Of course permanent magnets are conservative! In the macroscopic world in which we live and in which perpetual motion machines are built, they follow Maxwell's equations; the A field, which describes the combined E and B fields, is conservative.

What's more, a magnetic field _does_ _no_ _work_, _ever_. It's typically hard to see exactly what's really happening with a permanent magnet, but this law is always followed: the force exerted by a magnetic field on a charged particle is always perpendicular to its motion, and hence cannot impart energy to it.

As to a citation, check any E&M text. The "standard" reference on this is probably Jackson, titled something like "Electrodynamics". Griffiths' text on the same subject, "Intro to Electrodynamics", is generally considered more accessible, however.


I find no reference which says that permanent magnets are conservative. After all, PMs get their force from a quantum function, the spin of the electron.

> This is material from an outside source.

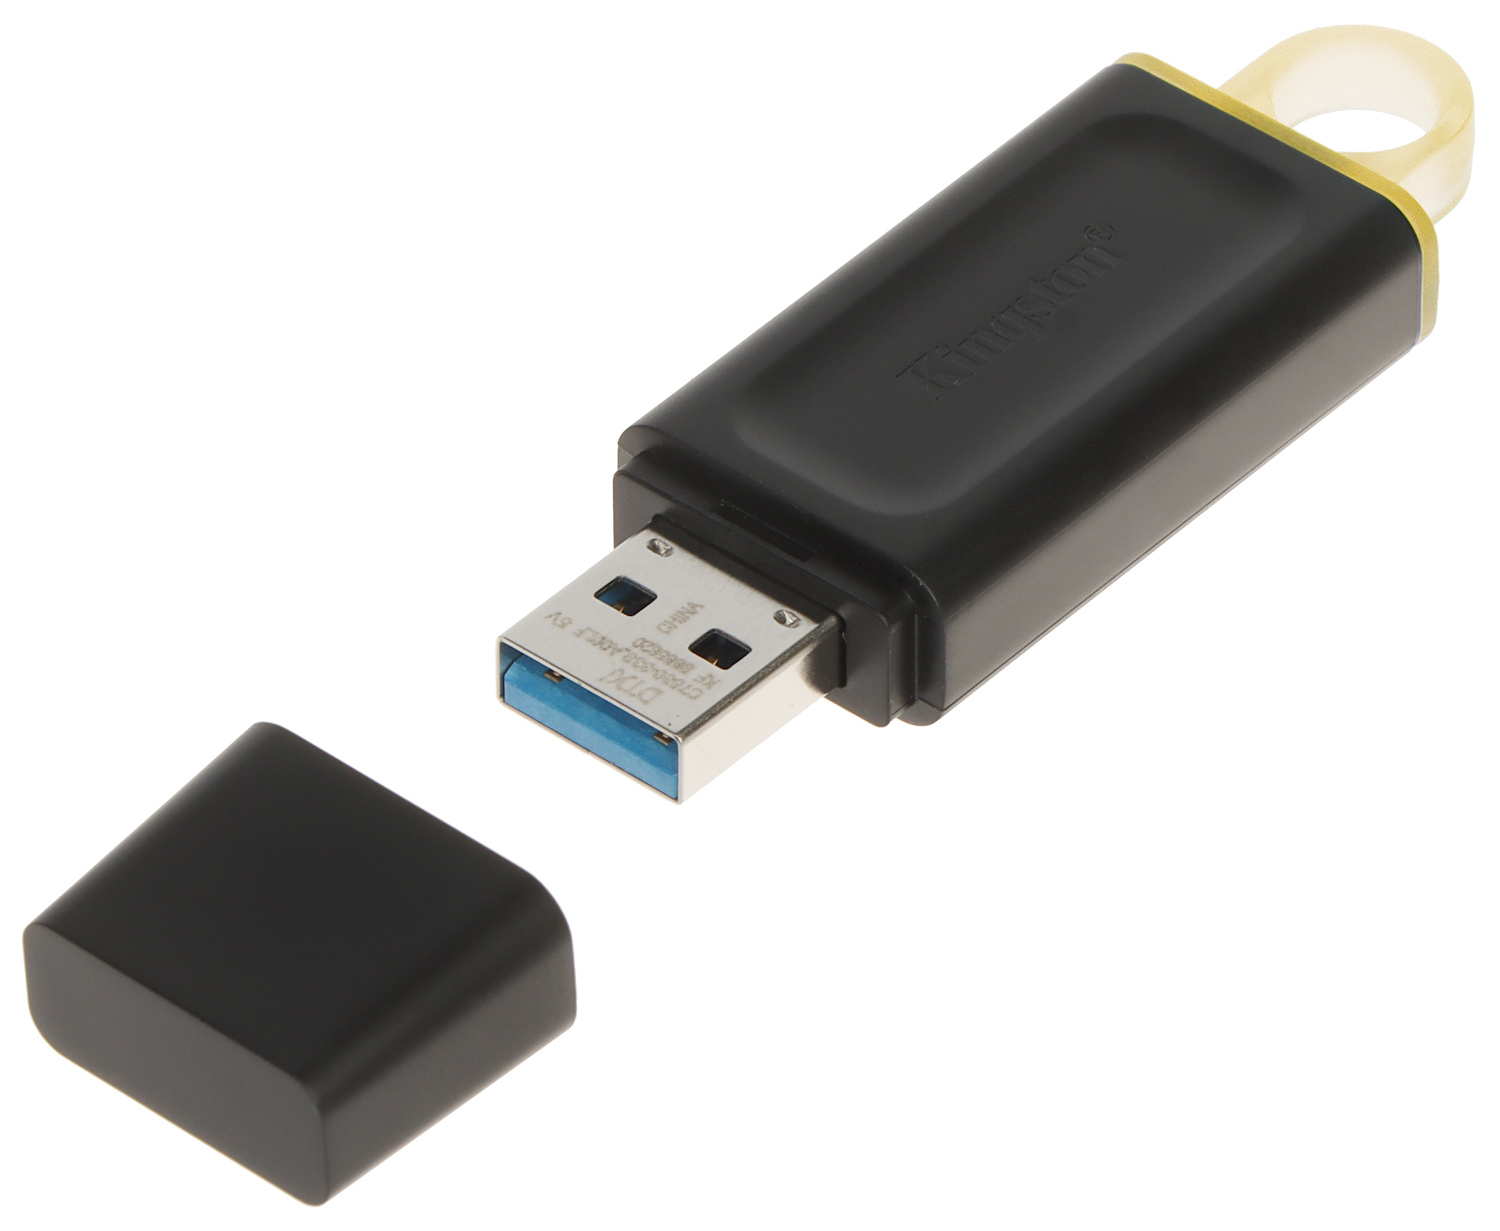 FLASH DRIVE USB 3.0 FD-128/DT50-KING 128 GB USB 3.1/3. - Flash Drives -  Delta

http://en.wikipedia.org/wiki/Magnetism

"The physical cause of the magnetism of objects, as distinct from electrical currents, is the atomic magnetic dipole. Magnetic dipoles, or magnetic moments, result on the atomic scale from the two kinds of movement of electrons. The first is the orbital motion of the electron around the nucleus; this motion can be considered as a current loop, resulting in an orbital dipole magnetic moment along the axis of the nucleus. The second, much stronger, source of electronic magnetic moment is due to a quantum mechanical property called the spin dipole magnetic moment (although current quantum mechanical theory states that electrons neither physically spin, nor orbit the nucleus)."

Electron spin is a quantum effect and likely related to ZPE, IMO.